Each edit—and the final claim—is scored using multiple goals:

  • Novelty: Is it more original compared to prior art?
  • Scope: Does it keep the invention properly protected (not too narrow)?
  • Consistency: Does the claim stay clear, legal, and technically coherent?
  • Risk: Are we avoiding edits the AI is uncertain about?

The system balances these goals to pick the best path through the edit tree.

Main Findings: What did they discover?

The researchers tested ToC on real patent data (over 1,100 patents and 28,000 claims) and compared it to strong LLMs like GPT-4o and others. Key results:

  • ToC improved the overall quality score of revised claims by about 8% on average, and up to 9% in some cases.
  • It consistently beat standard “zero-shot” and “few-shot” LLM methods (which rely on single prompts or short examples).
  • Human experts preferred ToC’s revised claims about two-thirds of the time when prior art was available.
  • The system worked well across multiple AI models, including both closed-source (GPT-4o) and open-source (Qwen2.5-VL), showing it’s flexible and reliable.
  • Turning off important components (like uncertainty control or the two-agent collaboration) made performance worse, proving these parts really matter.

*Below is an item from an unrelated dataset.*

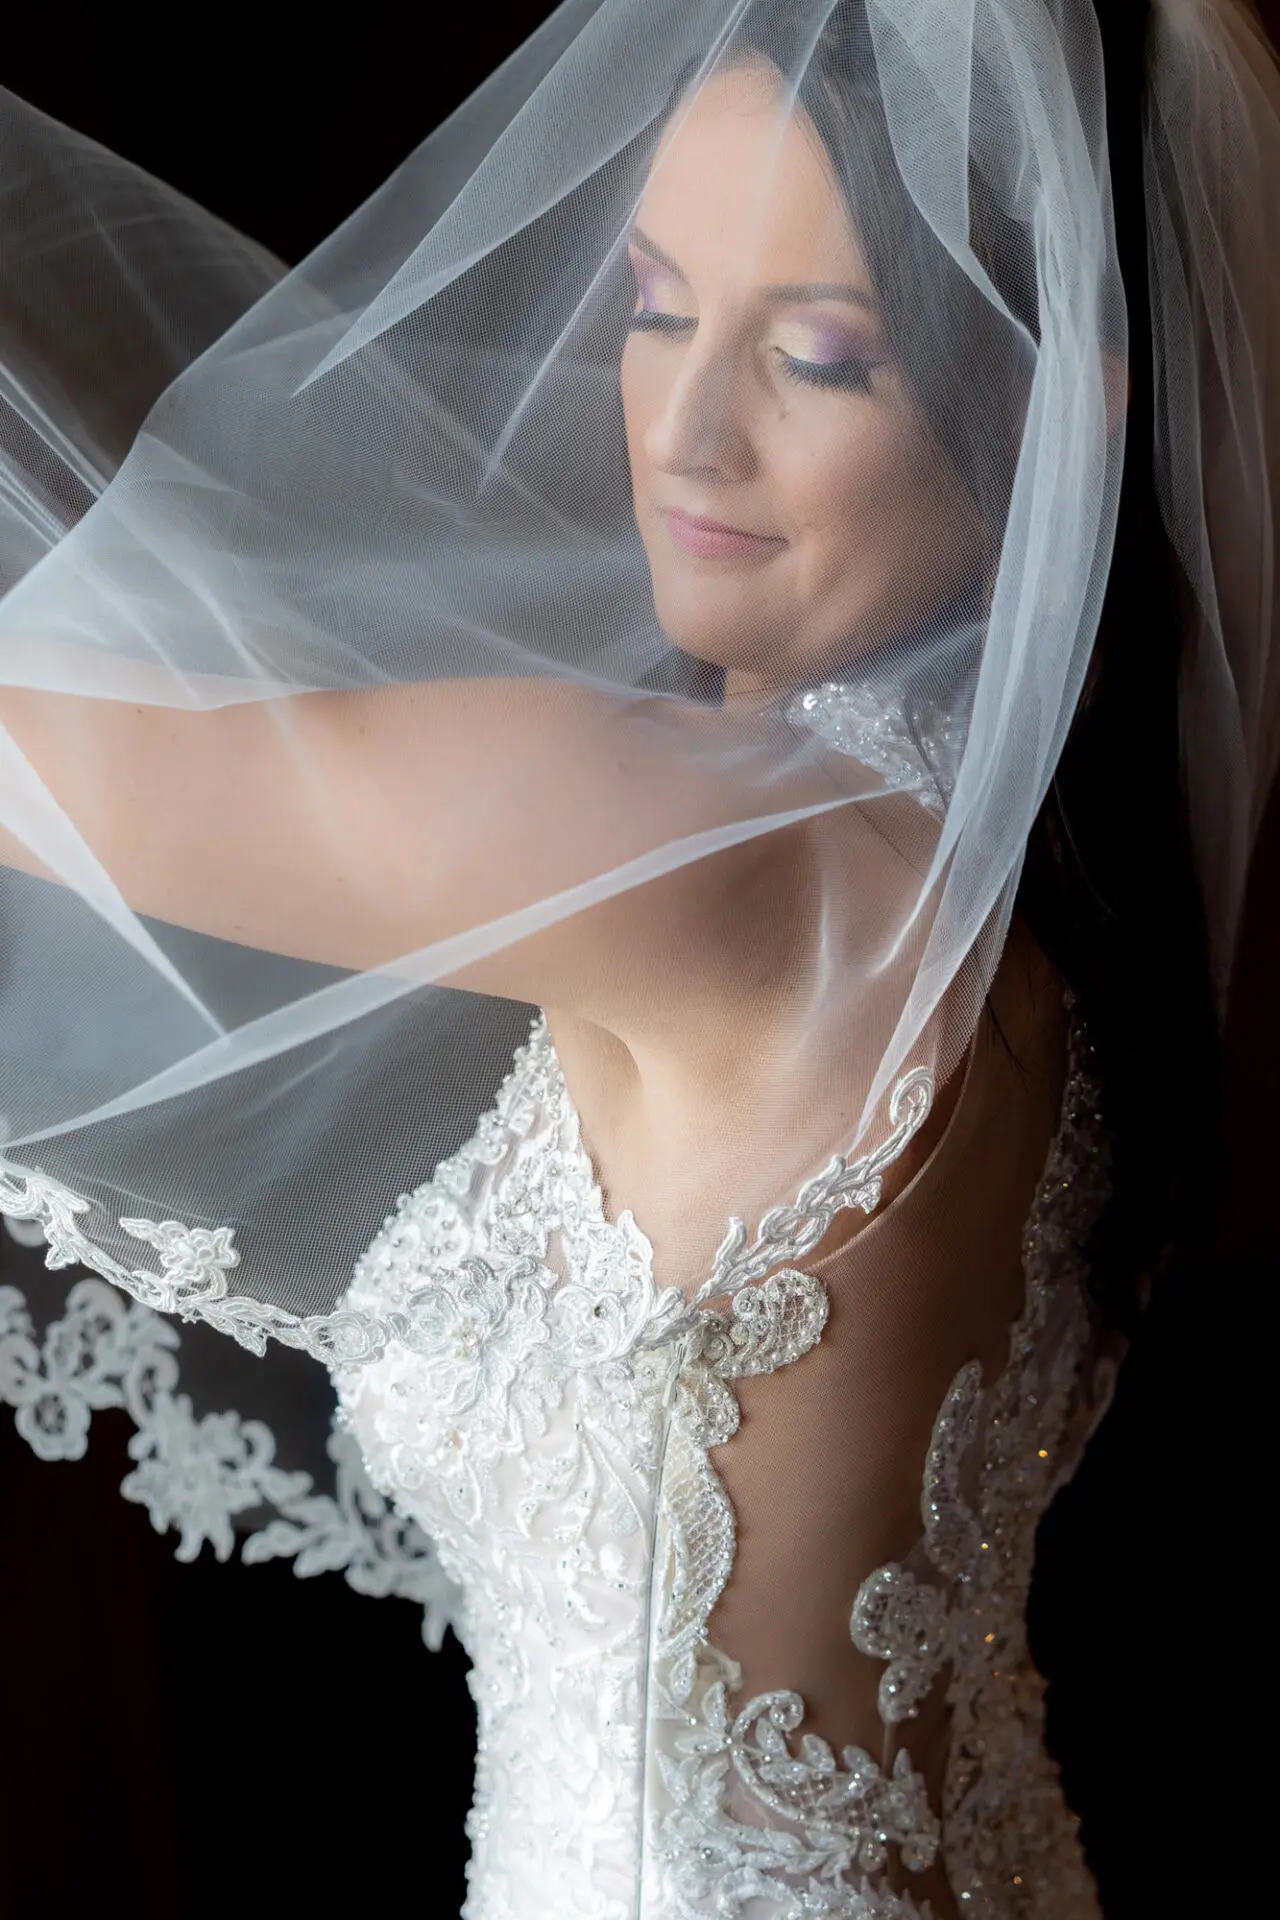 Close-up photo of the bride

Why This Matters: Impact and future possibilities

Strong patent claims protect inventions and can affect business value, licensing, and legal outcomes. ToC helps by:

  • Making claim editing more transparent and controllable (every change is small, justified, and tracked).
  • Saving time and cost compared to manual revisions.
  • Reducing mistakes by checking novelty and legal clarity at each step.
  • Providing a practical way to combine AI’s language skills with careful planning and review.

Beyond patents, the same approach could improve other high-stakes writing tasks—like legal contracts, medical guidelines, or scientific methods—anywhere you need careful, rule-following edits with clear reasoning. The authors plan to add better image/figure understanding, speed up the search, and apply ToC to more domains.

Knowledge Gaps

Knowledge gaps, limitations, and open questions

Below is a focused list of what remains missing, uncertain, or unexplored in the paper, framed to guide future research.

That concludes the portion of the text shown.